City agency in Portland, Oregon, U.S.

Portland Parks & Recreation (PP&R) is a Bureau of the City of Portland, Oregon that manages the city parks, natural areas, recreational facilities, gardens, and trails; properties that occupy more than 10000 acre in total.
==Agency==
In 2025, management of the Parks Bureau was passed from commissioner Dan Ryan to Deputy City Administrator for Vibrant Communities Sonia Shamanski. The current Director of Recreation is Adena Long, who has served in this position since 2019.

The PP&R Board has 14 members which meets monthly.

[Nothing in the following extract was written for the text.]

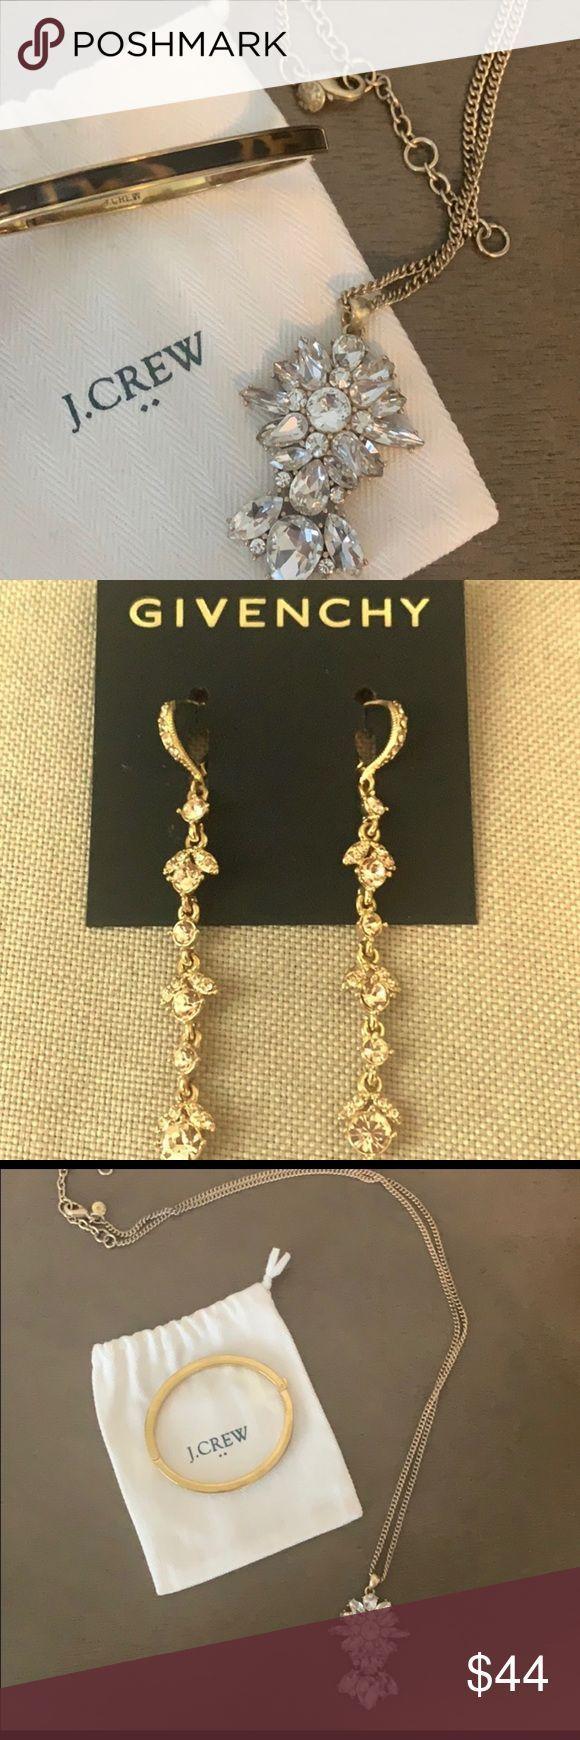 Jewelry bundle, Givenchy, NWT, and J. crew Offering major savings, J. Crew antiq…,  #antiq …

The number of park rangers on staff has expanded from 10 in 2015 to enough to handle "3,000 calls and 11,000 rules violations" in 2022. The bureau employs a total of 2,794 people as of January 2025. 792 of which are full time and 2,002 are part time.

=== Charter Reform ===
A November 2022 election initiated a charter reform moving city bureaus out of the direct management of Portland City Council (Oregon). The last city council member to oversee Portland Parks & Recreation was commissioner Dan Ryan who served from 2023 until the end of 2024.

=== Finances ===
The bureau proposed a tax levy which passed in 2020 to procure an average of $48 million a year, and an independent audit in December 2024 showed those funds were clearly and transparently tracked and commitments made in the proposal were adhered to. As of 2025 PP&R faces a deficit which would decrease service by 25% if further funding isn’t obtained. Reductions could include loss of programming, pools, community centers and trash pick up.

=== Inclusion ===
The 5-year Racial Equity Plan, in place from 2017 - 2023, addressed gaps in parks services for Portland’s communities of color. In September of 2024, the three-person DEI team was placed on leave, with only the manager remaining.

==History==
Portland’s first parks, the Plaza Blocks and two of the South Park Blocks, were established in 1852. Both came from land owned by William W. Chapman and Daniel H. Lownsdale.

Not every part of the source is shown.